The price of beer in the North West averages £2.87 compared with £3.15 in London and the South East, the Good Pub Guide has found.

A pint averages £2.88 in the West Midlands, £2.95 in the South West, £2.99 in the East Midlands, £3.04 in the East of England and costs the same as the North West in the North East and Yorkshire.

Pubs brewing their own ale charge under £2.50 a pint, with scarcely any increase over the past year, said the guide, compared with a 7% rise elsewhere.

The annual guide also discovered that the most popular pub food was steak and ale pie, closely followed by fish and chips, often “beer-battered”.

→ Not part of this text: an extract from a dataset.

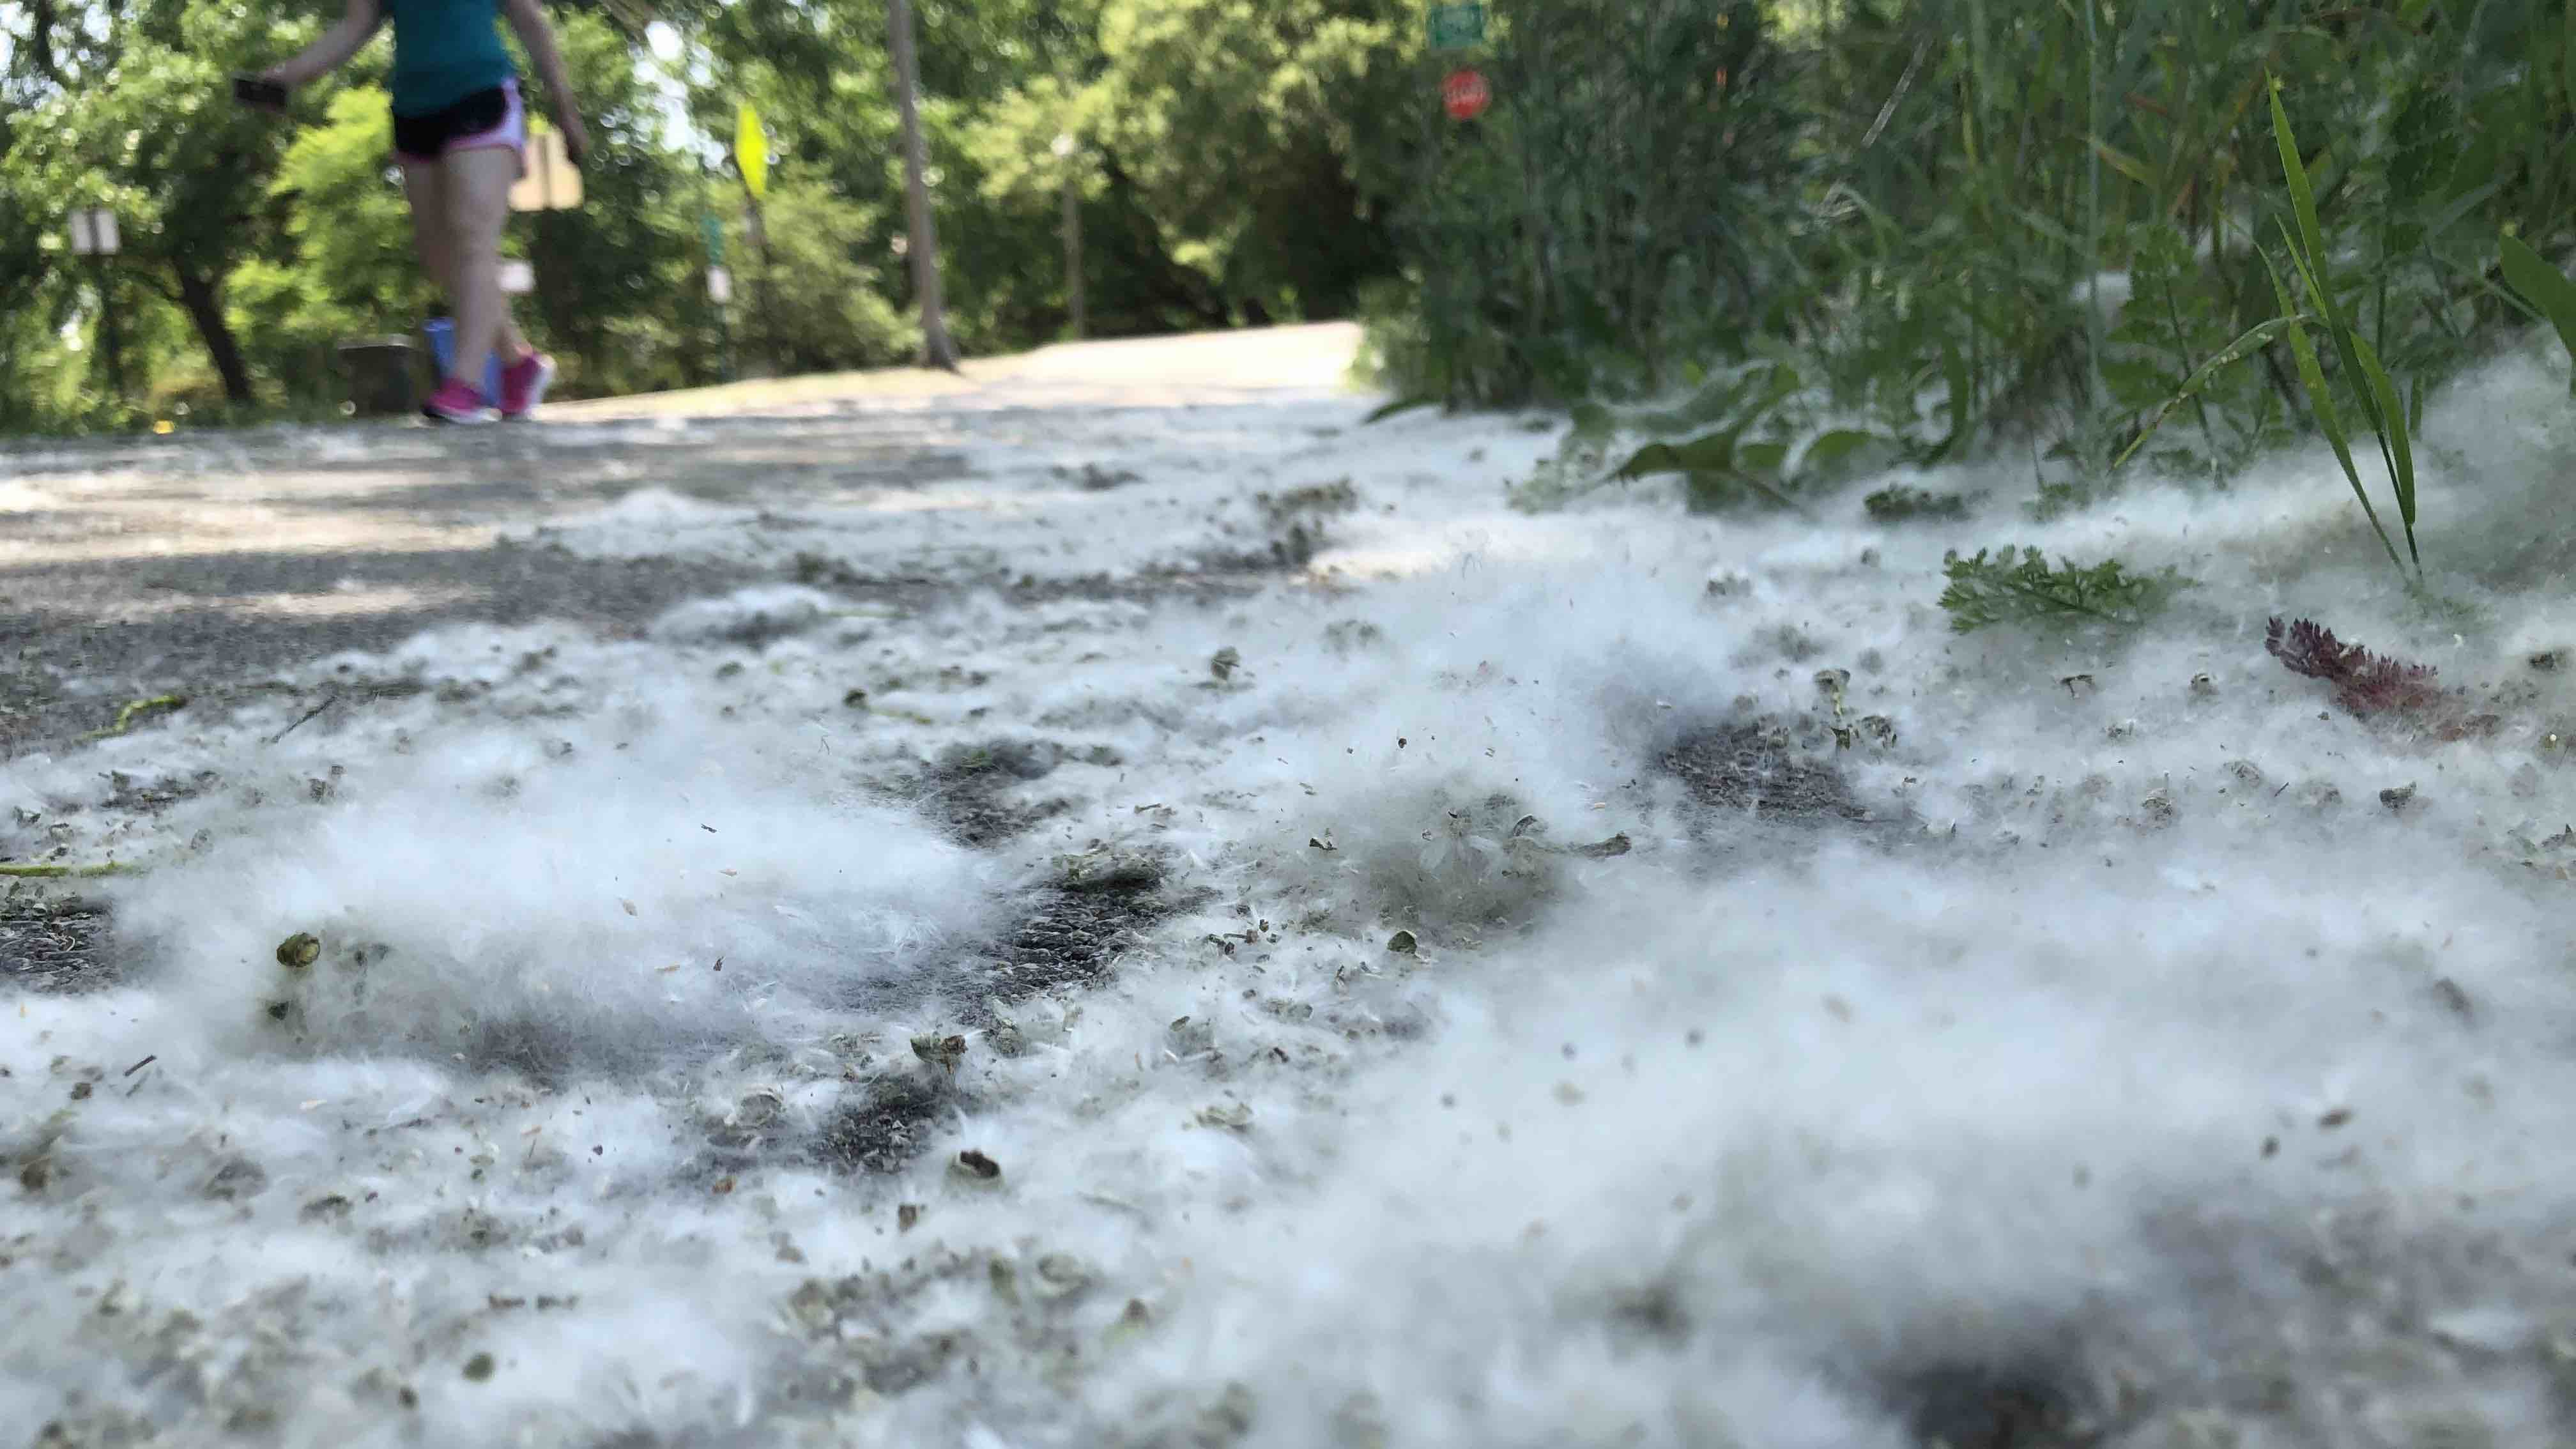 What's that fluff? Cottonwood pollination season will end soon

Lasagne scored zero in a list of top food choices, with curry, sausage and mash and ham and egg also slipping well down the popularity stakes.

Decent coffee was said to be available in nearly all good pubs, although the guide said it was a “shame” that almost half of pubs in the UK did not open until noon.

The guide also questioned why few town and city pubs had the character and charm found in country inns, describing them as “pleasant enough”, with “okay” levels of service, while furnishings came from a vast warehouse hidden away in an anonymous “off-motorway wasteland”.

Fiona Stapley, editor of the Good Pub Guide, said: “Today’s number one food choice for pub-goers is steak in ale pie, in all it glorious variations: steak in ale-Guinness-stout-red wine, with mushrooms, stilton, kidneys, oysters.

“Other pies follow, like all types of fish, chicken, pork, lamb, rabbit, shepherd’s, venison, wild boar, duckling, goose. And they love suet puddings too.”

Paul Nuttall, UKIP’s deputy leader, said: “However, the Government could do more to make the pint of a pub-goer cheaper by not increasing excise duty by 2% above the rate of inflation every year. Such a move is destroying Britain’s pub trade and stunting growth.”